Loyola, despite its size, has the right mix of ingredients to compete. In a metropolis as large as Chicago, there are plenty of patients willing to experiment with cutting-edge treatments. Nishimura’s experienced clinical partner, Dr. Patrick Stiff (MD ‘75)—tall and sober, with swept sandy hair—manages the care of those patients. The sarcastic and goateed Nishimura is an expert at building the actual cells. On top of that, he has access to the McCormick Foundation’s good manufacturing practices (GMP) facility, one of just a handful in Chicago.
The venture is part of a broader and aggressive investment into cancer research on the part of Loyola. The hematology and oncology division that Stiff oversees has more than doubled since he took over as director, in 2003. “If you can, why wouldn’t you try?” Stiff asked about the new work. “Not many places can.”
Finding a better treatment
The approach, though innovative, is fairly straightforward. To start, a patient’s blood is drawn. Then cancer biologists separate out the patient’s T cells, a type of white blood cell that serves as the workhorse of the immune system.

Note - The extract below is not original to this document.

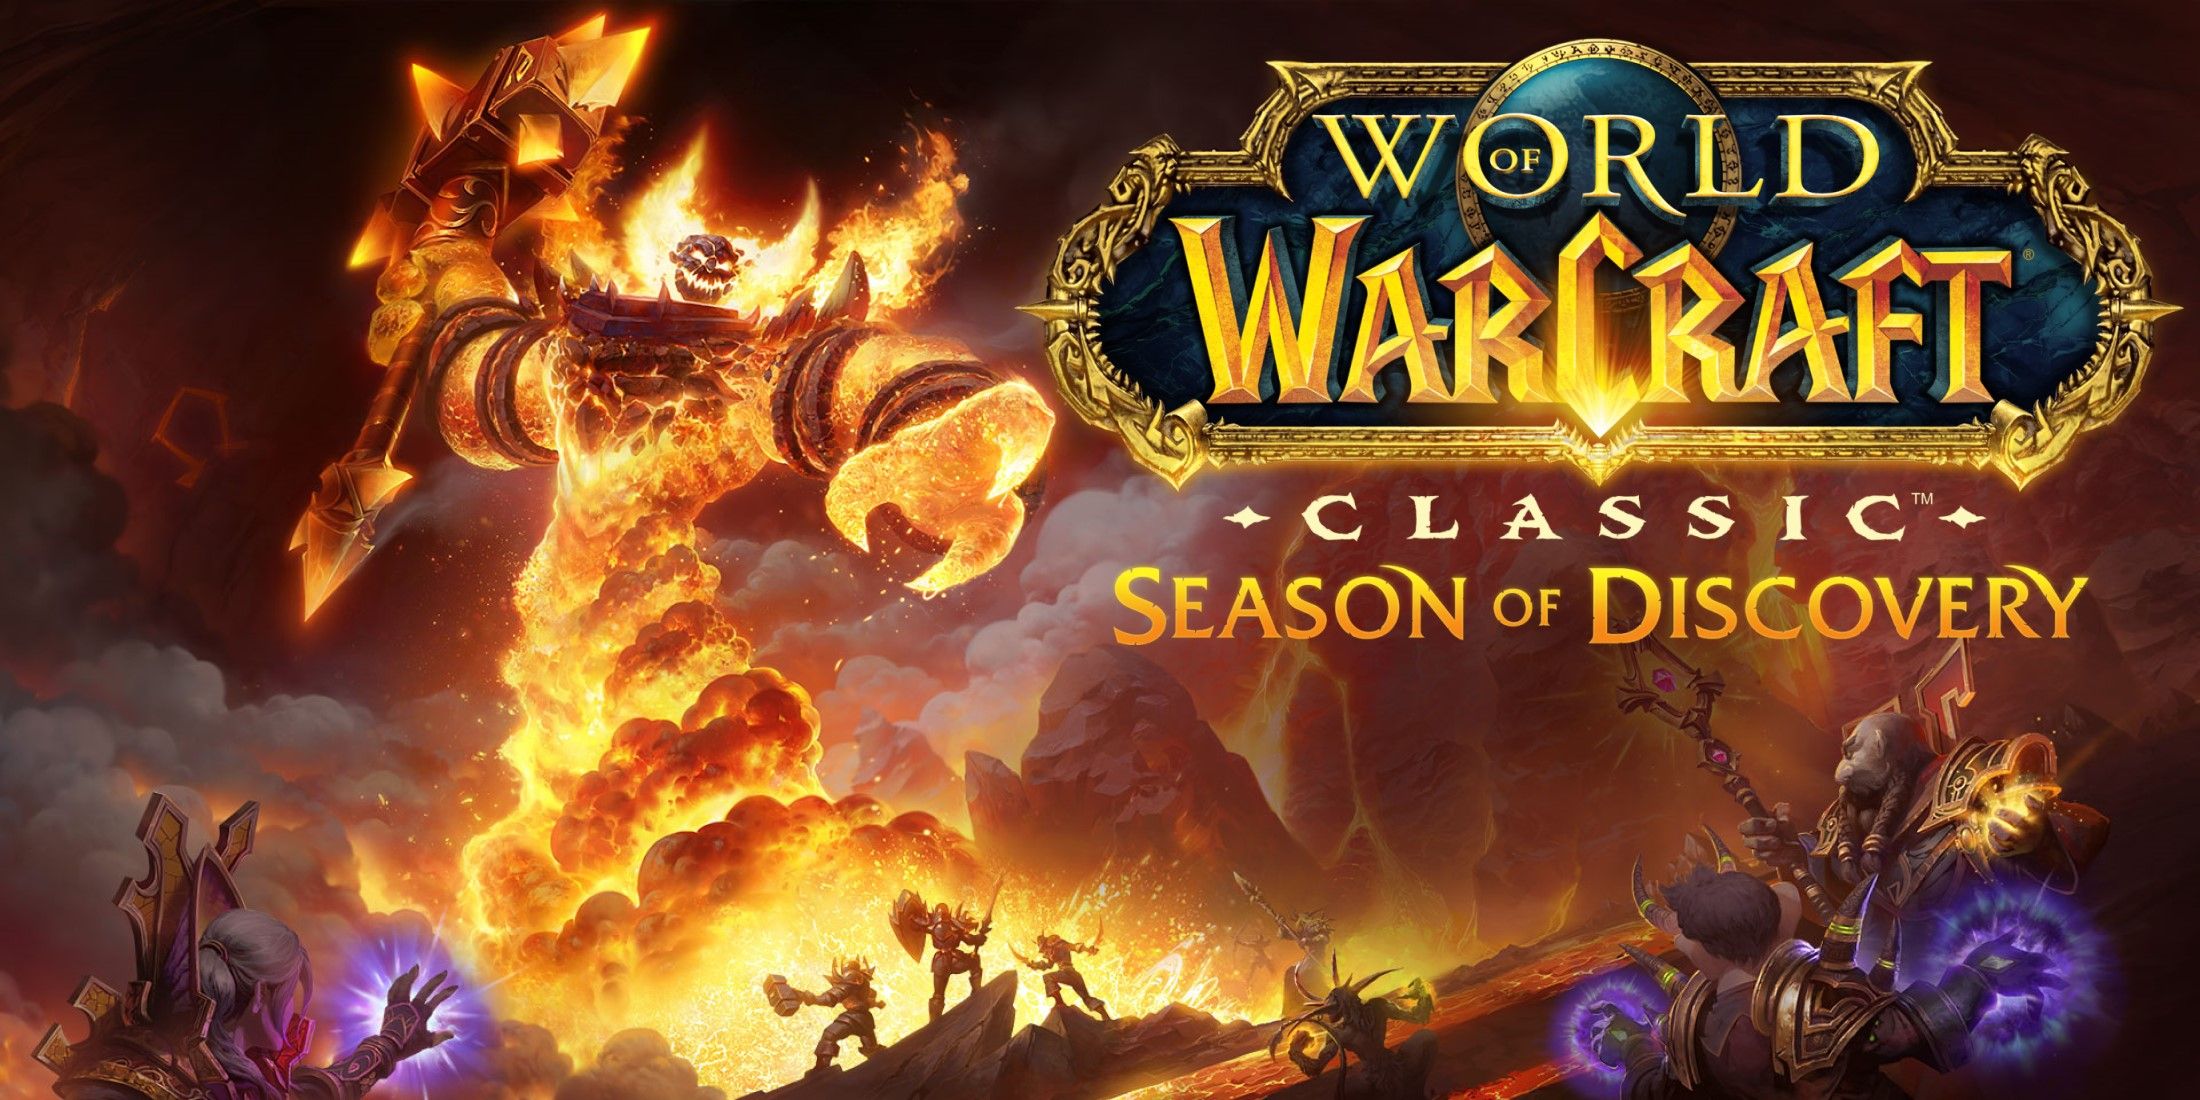 ragnaros from wow classic with the season of discovery logo

From there, using a disarmed virus, they genetically modify the T cells to produce receptors on their surface called chimeric antigen receptors, or CARs. Those receptors function like magnets, giving T cells the ability to recognize and attach to antigens on tumor cells, eventually killing them. Once engineered, the new CAR-T cells are expanded in the laboratory (into the hundreds of millions) and introduced into the sick body.
“I’ve learned that you can do almost anything if you try hard enough, if you’re persistent enough.”
— Dr. Michael Nishimura
Immunotherapies like this, which enlist and strengthen the patient’s own immune system, are relatively new in the cancer world. (Surgery, chemotherapy, and radiation are more common.) The first CAR T-cell therapy was approved by the Food and Drug Administration (FDA) in 2017; so far, it’s been restricted to tiny clinical trials nationally. Loyola was one of 22 institutions that participated in ZUMA-1, an early and successful pilot study in which CAR-T cells produced by Kite Pharma were infused into patients with large B-cell lymphoma. (Those results were published in the New England Journal of Medicine in December 2017.) And while patient responses in many of those trials have been remarkable, the prohibitive cost and the potential side effects—swelling in the brain, high fevers, memory loss, and seizures, among others—have tempered enthusiasm.
Nishimura and Stiff are confident they can make the treatment safer and more effective. They’ll do so by engineering the cells in the state-of-the-art GMP lab, a sterile room where a particulate air filtration system strips out airborne dust and microbes. One needs special training and protective clothing even to enter. “If I’m going to inject something into you,” Nishimura said, “you want it clean.”